Extracts of Scutellaria Barbata inhibit the growth of breast cancer cells in vitro.
BZL101 treatment leads to the inhibition of glycolysis selectively in tumor cells, evident from the
decrease in the enzymatic activities within the glycolytic pathway and the inhibition of lactate
production.
Oral administration of BZL101 is well tolerated. The most common adverse events are: diarrhea
(40%), nausea (30%), headache (20%) and increased ALT (20%).
There have been 3 DLTs: grade 4 AST elevation, grade 3 diarrhea and grade 3 fatigue (grade 3
diarrhea and fatigue occurred in the same patient). There have been no serious adverse events
attributed to BZL101.
On average, compliance with study medication was 93% of prescribed doses taken.
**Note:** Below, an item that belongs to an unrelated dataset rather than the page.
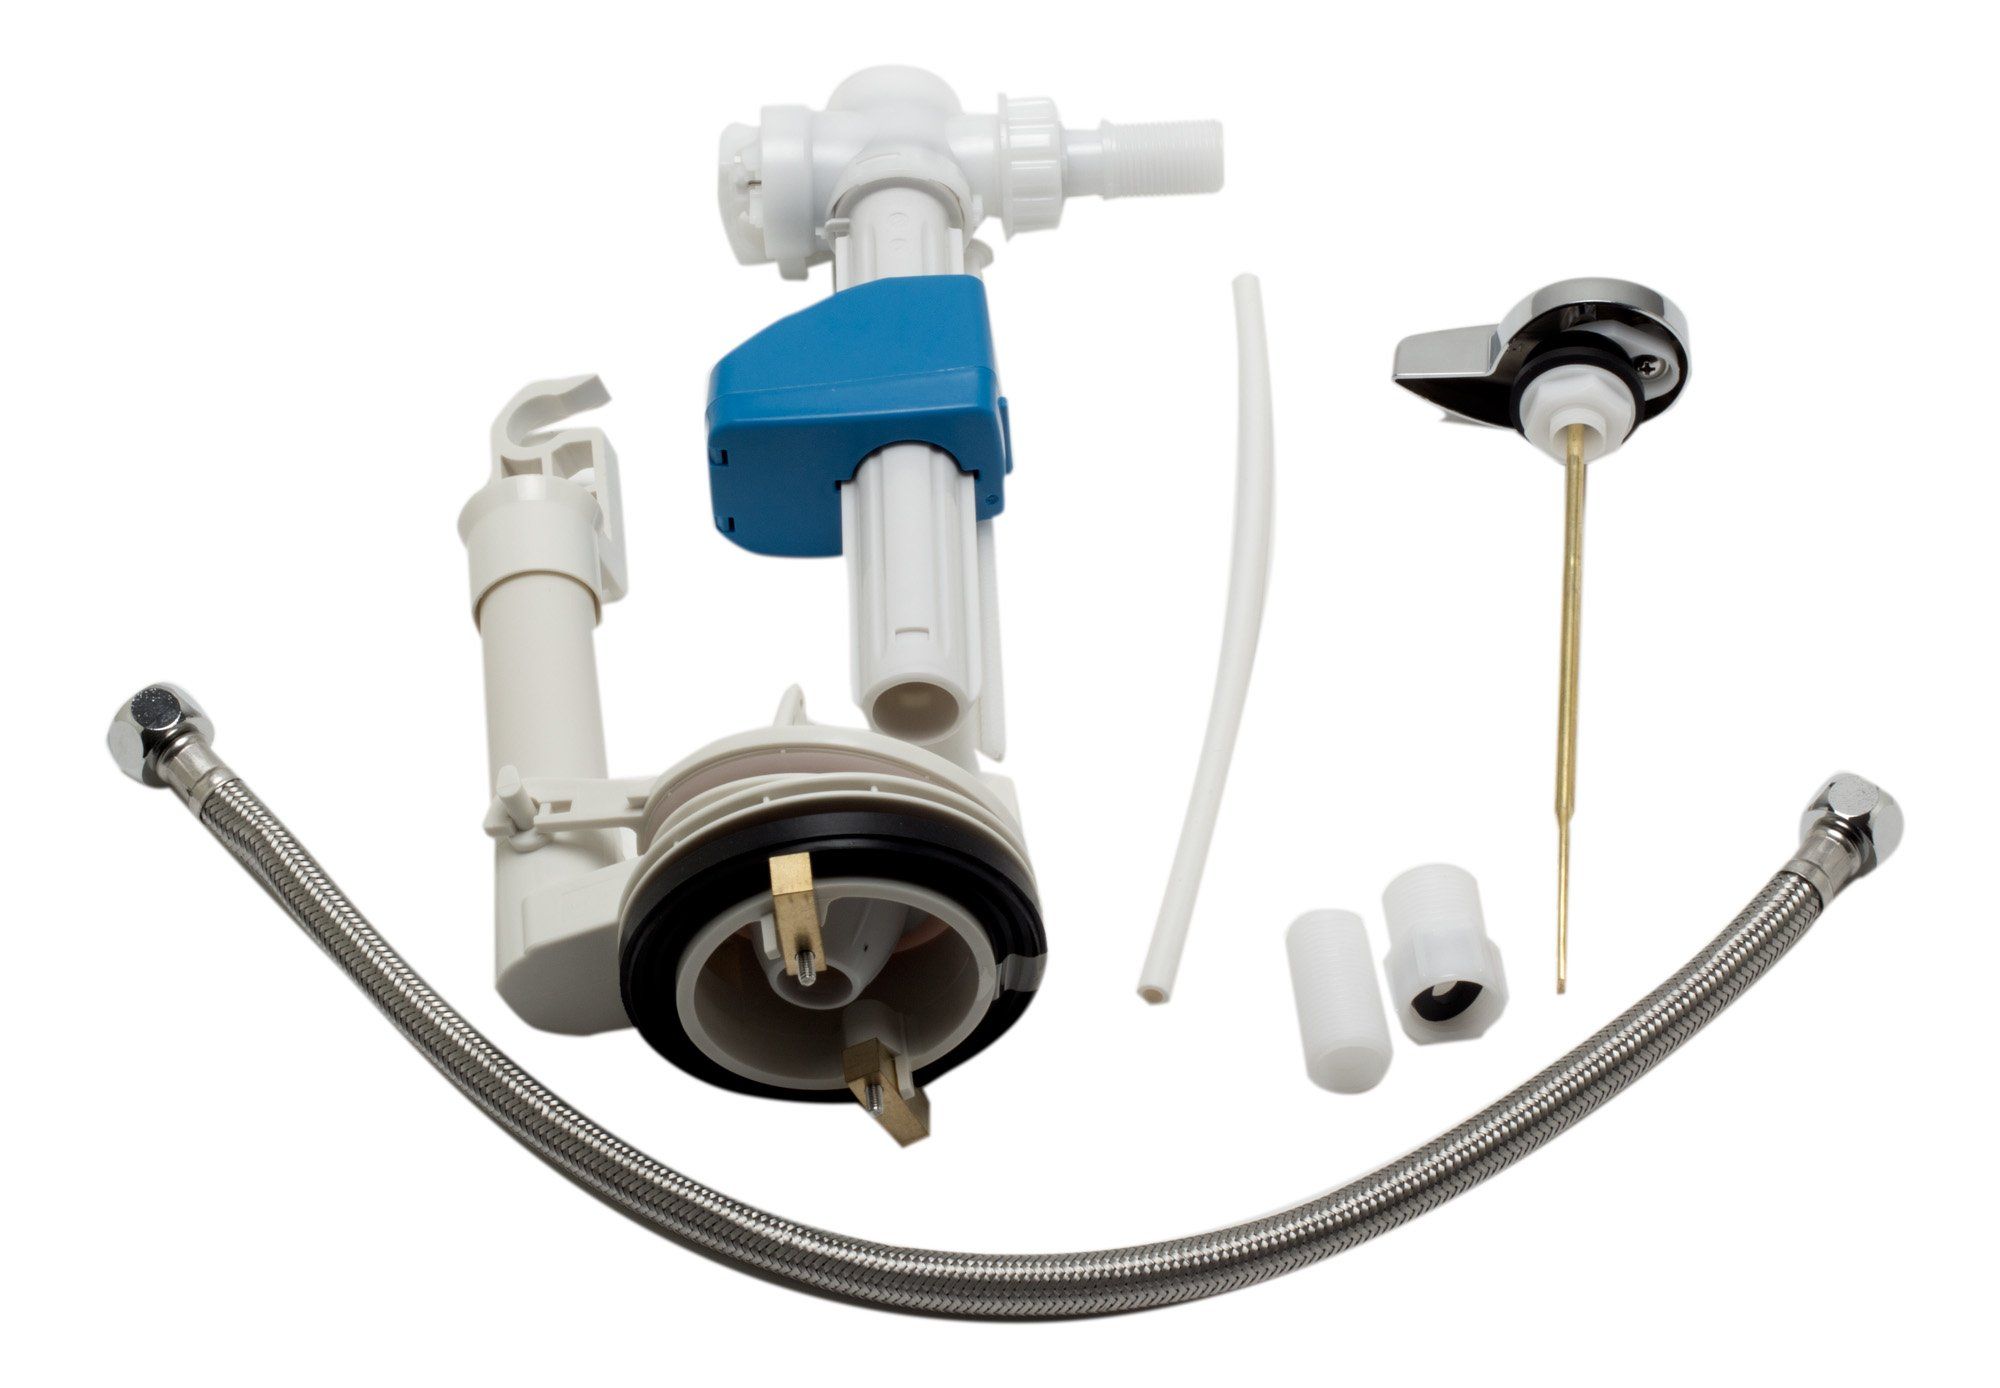 EAGO R-336FLUSH Replacement Toilet Flushing Mechanism for TB336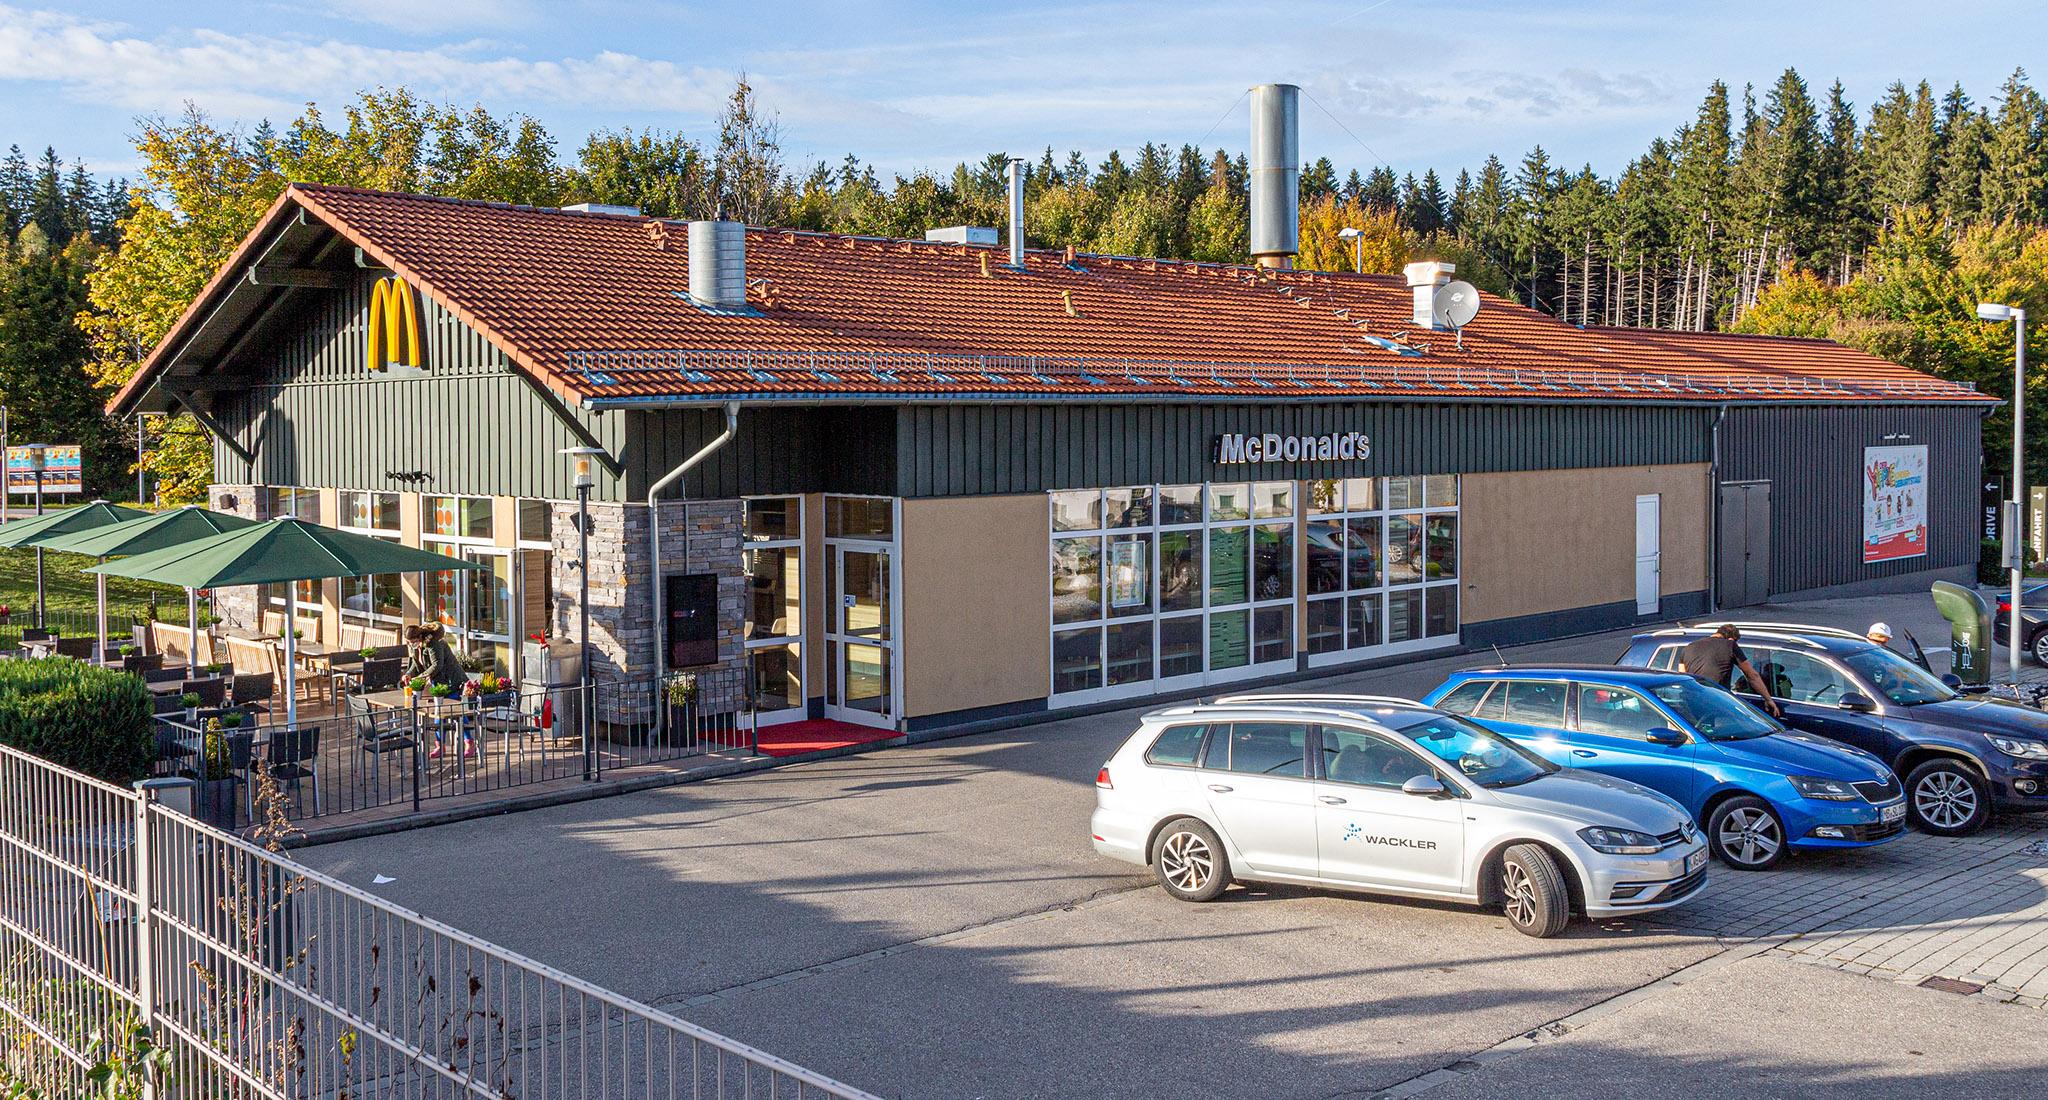 Das Große Mcdonald'S-Verzeichnis - Holzkirchen

In this heavily pre-treated population, of the patients evaluable according to RECIST, 5 of 12 patients
(42%) had stable disease for >90 days. One patient with bone only disease has been stable for
approximately 12 months. Of the 20 women enrolled, 10 patients discontinued therapy due to
progression, 3 patients discontinued due to patient choice, 1 discontinued due to a non-drug related
SAE, 1 discontinued due to an AE, and 1 discontinued due to non-compliance with study procedures.
Patient 03002 has been stable for 12 months and had radiologic (bone scan) evidence of tumor
shrinkage.
Patient 03006 reported complete resolution of bone pain and improved quality of life.
Patient 05005 had evidence of tumor shrinkage by physical exam.